Находясь в обществе, не следовало позволять себе бурно выражать эмоции. Движения курсанта в танцевальном зале должны быть уверенны и несколько медлительны, в лице непременно изображалась холодность и скука. Всё это означало «уметь произвести нужное впечатление». По счастью, курсантов вне основной учебной программы и совершенно бесплатно обучали танцам. Для этого в училище регулярно приглашали девушек из культурно-просветительного училища. Занятия не были обязательными, но многие курсанты с удовольствием посещали их, и потом на всех вечерах могли выглядеть вполне достойно. Преодолевая стеснение и неловкость, Барков тоже посетил несколько таких занятий, после которых научился сносно вальсировать со своей рыженькой партнёршей.

Военная форма обычно диктовала вполне определённый стиль поведения. Получалось так, что военнослужащие практически никогда не садились в общественном транспорте, дабы не подскакивать постоянно в присутствии женщин или пожилых людей.

В те времена гарнизонная военная комендатура отличалась особой строгостью. Среди курсантов устойчиво ходили слухи об установлении неких планов на количество задержанных в городе солдат и курсантов. Получить замечание и запись в увольнительную записку можно было за любую мелочь. В военной форме, например, не приветствовалось даже ношение каких-либо авосек или сумок вольного гражданского покроя. Вследствие этого, многие вообще старались избегать хождения по центральным улицам города, чтобы не отдавать воинскую честь офицерам и не получать замечания от патруля. В случае последнего, курсанта могли надолго лишить увольнения в город.

Однажды, к Николаю Баркову на первом курсе приехала матушка. Он получил увольнение, и они вместе отправились бродить по городу. На Будёновском проспекте его задержал патруль за не отдание воинского приветствия и прервал ему увольнение. Нужно было немедленно возвращаться обратно в училище. Матушка со слезами просила начальника патруля не делать этого, но офицер оставался непреклонен. Николаю было ужасно стыдно и обидно, но извиняться и просить офицера он не стал.

Барков учился довольно прилично, но требования воинской дисциплины у него плохо сочетались с неуёмной жаждой новых приключений и романтических похождений. Следовало отметить, что курсанты училища неизменно пользовались благосклонностью местных донских барышень. Это нередко кружило головы молодым людям в военной форме. Некоторые курсанты гордились чередой сменяемых знакомств с девушками, порой бывали не слишком разборчивы. Как-то раз, Николай вместе со своим другом однокурсником Владимиром Мыльниковым отправились провожать своих фабричных подружек, живших на окраине города. Что-то не сложилось, и они не пригласили их к себе домой. Взятое с собой спиртное, курсанты выпили прямо на тёмной улице, потом вспомнили, что уже опоздали в училище.

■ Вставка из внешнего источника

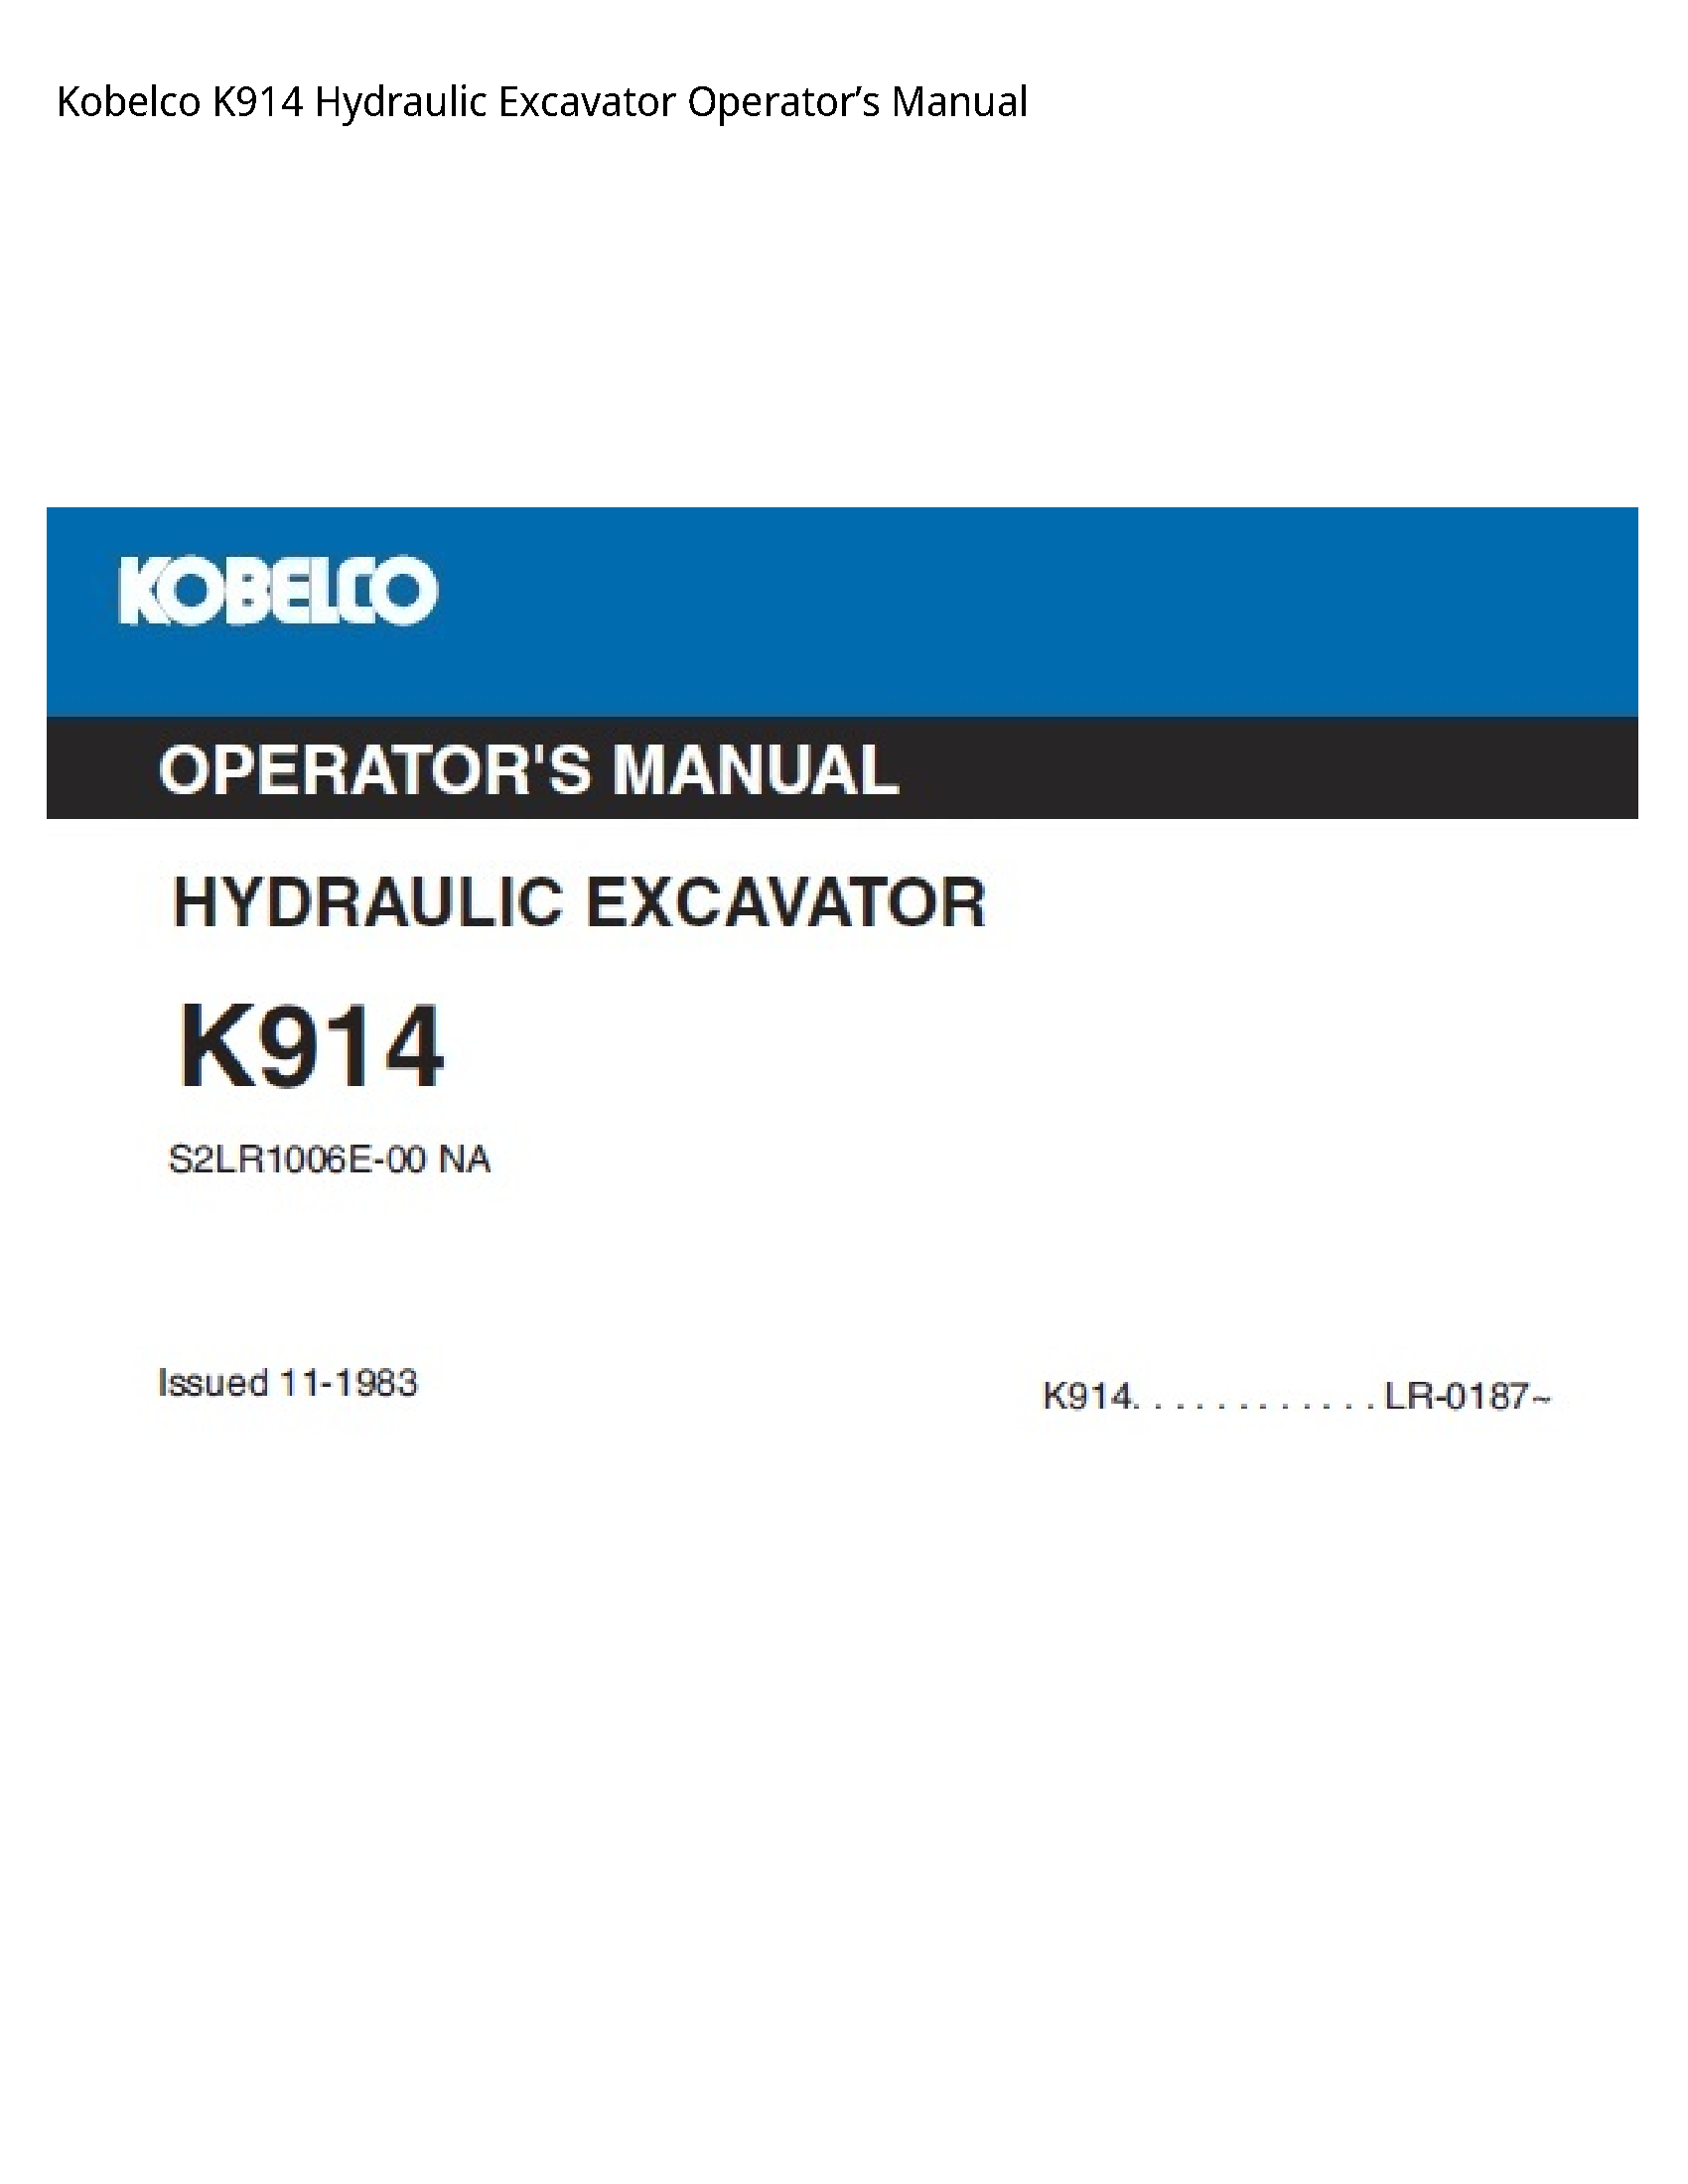 Kobelco K914 Hydraulic Excavator Operator’s manual

По совокупности, за оба нарушения воинской дисциплины, они с другом получили по трое суток ареста и были препровождены на гарнизонную гауптвахту. Сырые, холодные камеры с узкими лавочками, на которых не то, что лежать, сидеть нормально нельзя; деревянные щиты «вертолёты» для короткого ночного сна, а самое главное решётки и часовые с автоматами, всё это показалось им самой настоящей тюрьмой, Трубецким бастионом Петропавловской крепости. Володя Мыльников, без всякой надежды, взывал к гуманности и просил для себя в камеру «перо, бумагу и чернил». Он хотел записать свои новые стихи, в которых каялся и благодарил «суровых стражников сырой темницы за спасение его души».

Девочки фабричные узнали об их аресте и принесли им передачу. Дежурный офицер на гауптвахте принять их отказался, о чём с иронией сообщил наказанным курсантам: «Пришли сюда, с горячей картошечкой и солёными огурчиками, вертихвостки крашенные. Да ко мне жена сюда не ходит, сроду такого не видел. А вам, добрые молодцы, надо было раньше закусывать!»

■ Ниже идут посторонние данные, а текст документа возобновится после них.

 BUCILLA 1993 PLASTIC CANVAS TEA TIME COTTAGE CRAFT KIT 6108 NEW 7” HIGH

Такой встряски Баркову и его другу хватило до самого выпуска. Подобных проступков он больше никогда не совершал. Происшедшее, заметно сблизило вчерашних арестантов. Однажды, уже как очень близкому другу, Мыльников рассказал ему, что является потомком старейшего княжеского рода Юсуповых и «того самого», Феликса Юсупова, который участвовал в убийстве Григория Распутина. Будто, мать ему про это подробно рассказывала. Насколько такая версия соответствовала действительности или была плодом творческой фантазии юного поэта, установить было невозможно. В любом случае всё это произвело должное впечатление на Баркова. В те времена никто о себе ничего подобного не рассказывал. Возможность пребывать в друзьях у отпрыска княжеского рода льстила его самолюбию.

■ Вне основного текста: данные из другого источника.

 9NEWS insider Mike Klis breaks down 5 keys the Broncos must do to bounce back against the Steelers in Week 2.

Каждое утро командованию училища шёл подробный доклад обо всех происшествиях. Нередко такие сообщения были похожи на горячие фронтовые сводки. Они пестрели известиями о драках военнослужащих с курсантами речного училища, уличных дебошах и пьянстве. Арест и гауптвахта в таких случаях были самым меньшим наказанием. Можно предположить, что этим курсанты заметно портили училищу общие итоговые показатели в гарнизоне. Реакция командования всегда была взвешенной и хорошо продуманной. Возможно, именно с этой целью в училище регулярно объявлялся холерный карантин, который изолировал курсантов в казармах на долгие месяцы.

Оказавшись отрезанными от мира высоким забором с колючей проволокой, курсанты просто изнывали от безделья в выходные дни. Молодые здоровые организмы требовали действия, и они придумывали для себя довольно необычные мужские развлечения. На курсе нашлись боксёрские перчатки, и было решено организовывать поединки. Далее принимались меры, чтобы привести возможных соперников к желанию выяснить свои отношения в «честном бою». Для этого не гнушались лжи и разного рода сомнительных сплетен. Случилось так, что и Николая Баркова тоже столкнули со своим однокурсником именно таким, самым бессовестным образом. Когда все слова были сказаны, для защиты своей чести и репутации оставалось одно последнее средство – поединок. В случае отказа от него соперников могли публично объявить трусами и подвергнуть обструкции. Такое всеобщее осуждение любому курсанту было вынести трудно.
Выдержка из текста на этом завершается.